Answer:
To turn -5/7 and 8 into a quadratic equation, we first need to convert 8 into an equation by adding 8 to both sides. The equation becomes: -5/7 = x^2 + 8. Then, we can expand the right side into a complete square, using the formula (b/2)^2. The equation becomes:
-5/7 = (x^2 + 8) + (4/2)^2
-5/7 = x^2 + 8 + 4
-5/7 = x^2 + 12
Finally, we can rearrange the equation to make the right side equal to 0, and then factor it. The final equation is:
x^2 + 12 + 5/7 = 0
x^2 + 12 + 5/7 = (x + 6/√7)(x + 6/√7) = 0
Explanation:
In the first step, we added 8 to both sides to make the equation -5/7 = x^2 + 8. In the next step, we added 4 to the right side to complete the square.

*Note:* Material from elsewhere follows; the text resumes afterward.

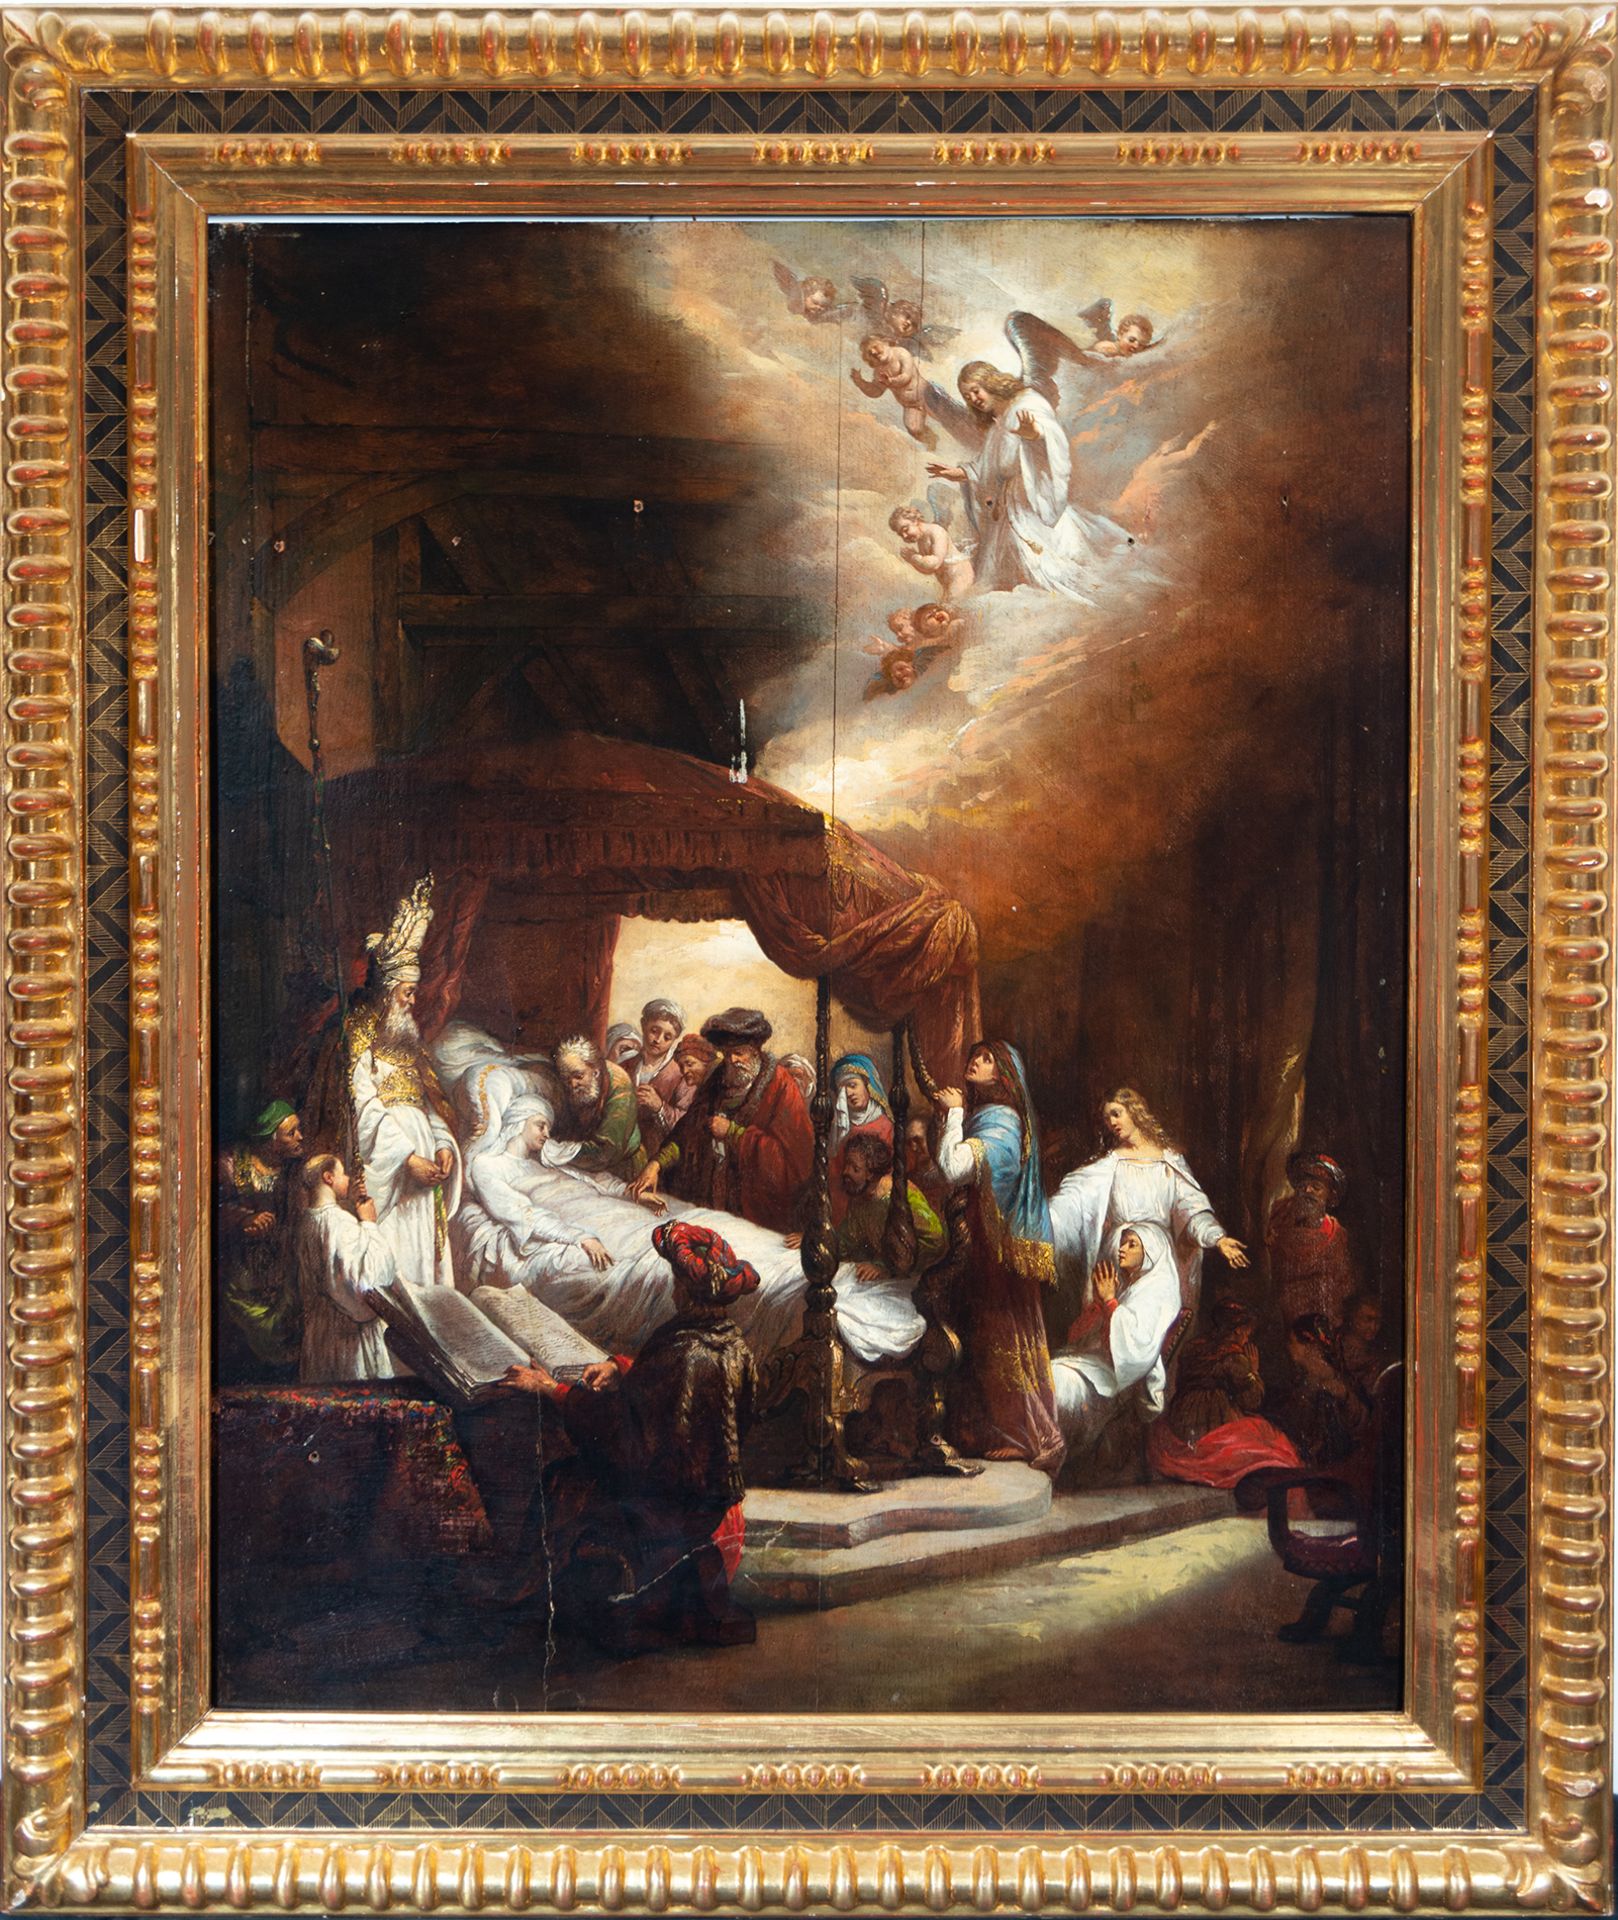 The Death of the Virgin, Dutch school, late 16th century, circle of Rembrandt Harmenszoon van Rijn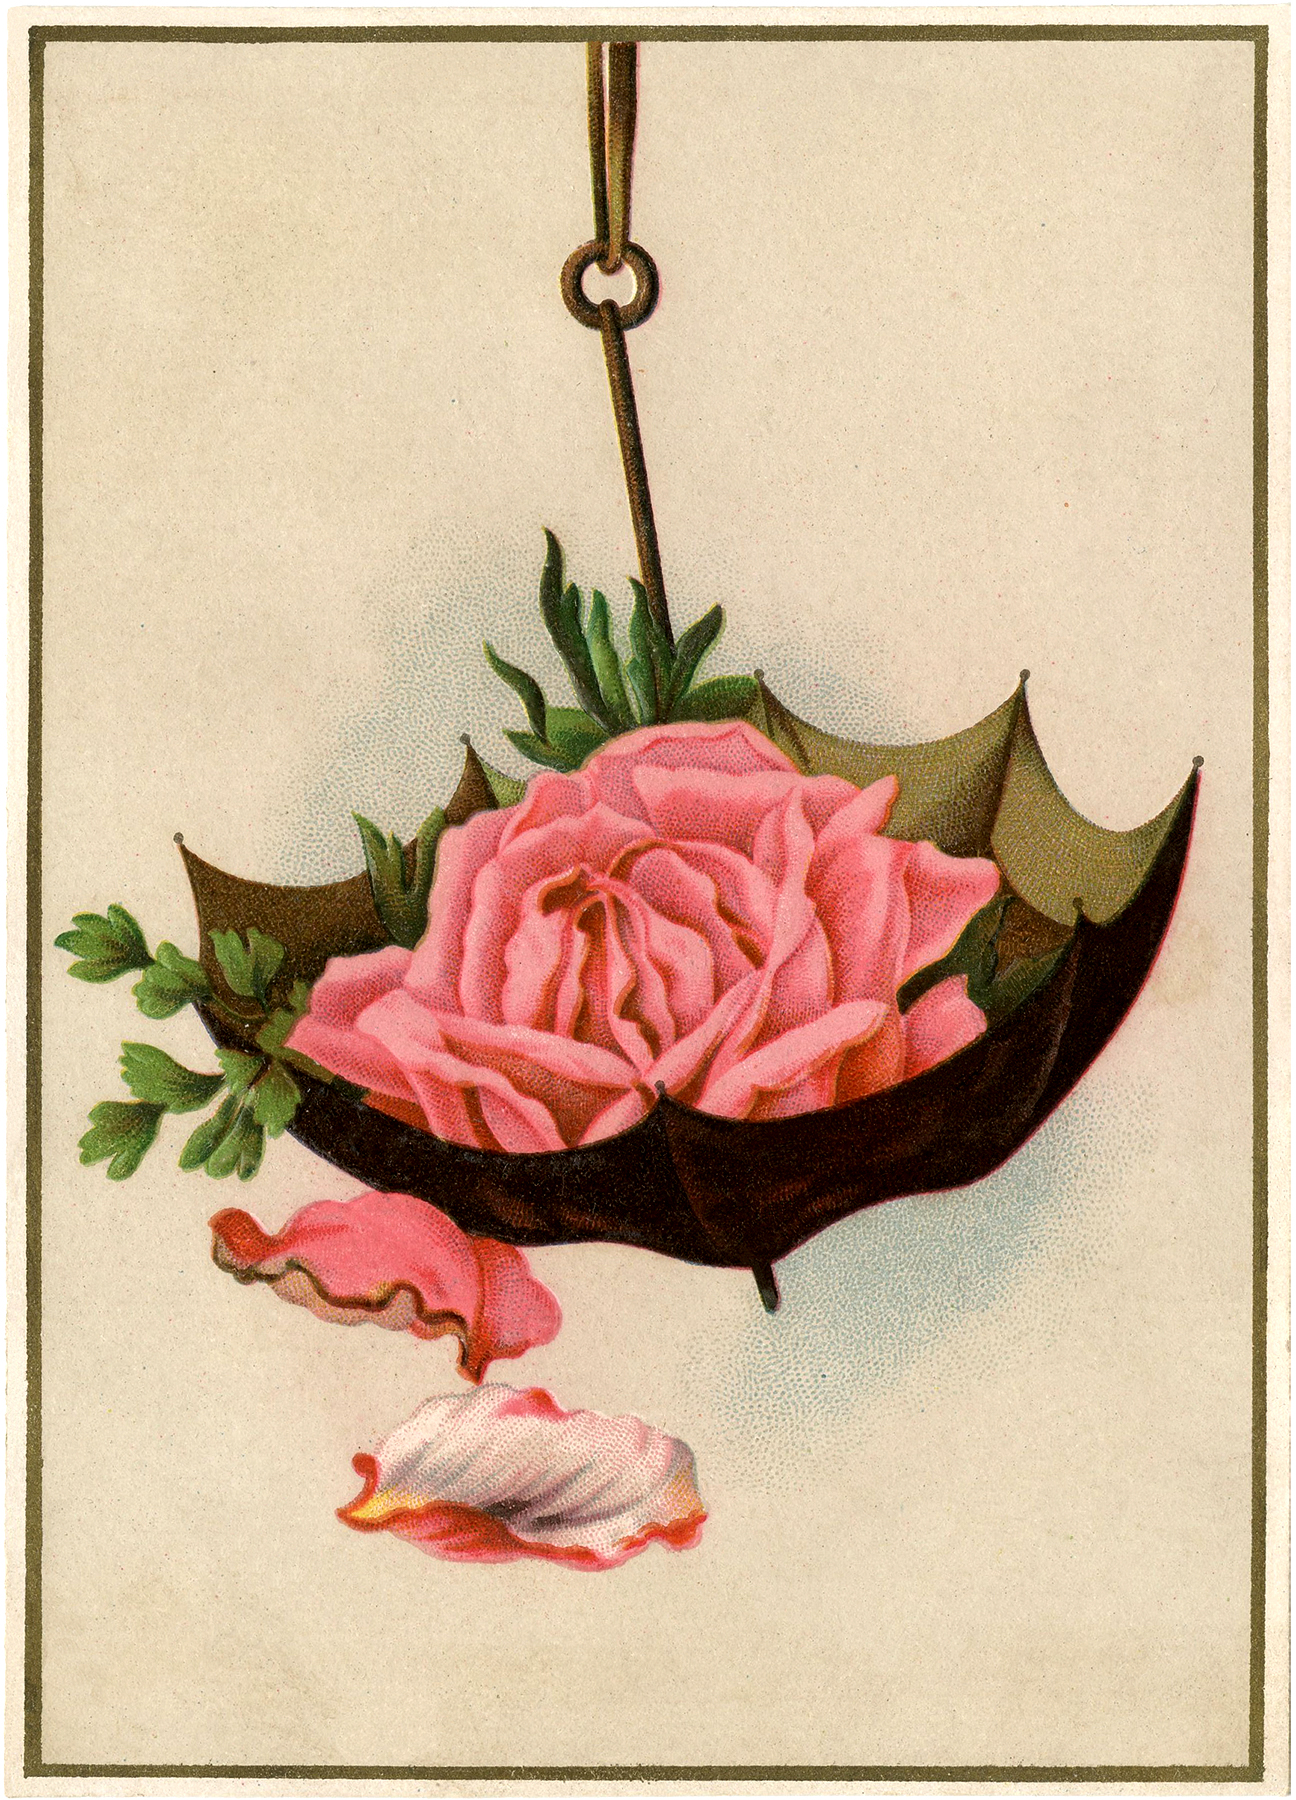 Shabby Pink Rose Umbrella Image! - The Graphics Fairy

The purpose of completing the square is to get a perfect square on the right side, which will make it easier to factor the equation.
Next, we rearranged the equation to make the right side equal to 0, so that we can factor the equation. The equation x^2 + 12 + 5/7 = 0 can be factored as (x + 6/√7)(x + 6/√7) = 0, where (x + 6/√7) is a binomial that satisfies the equation.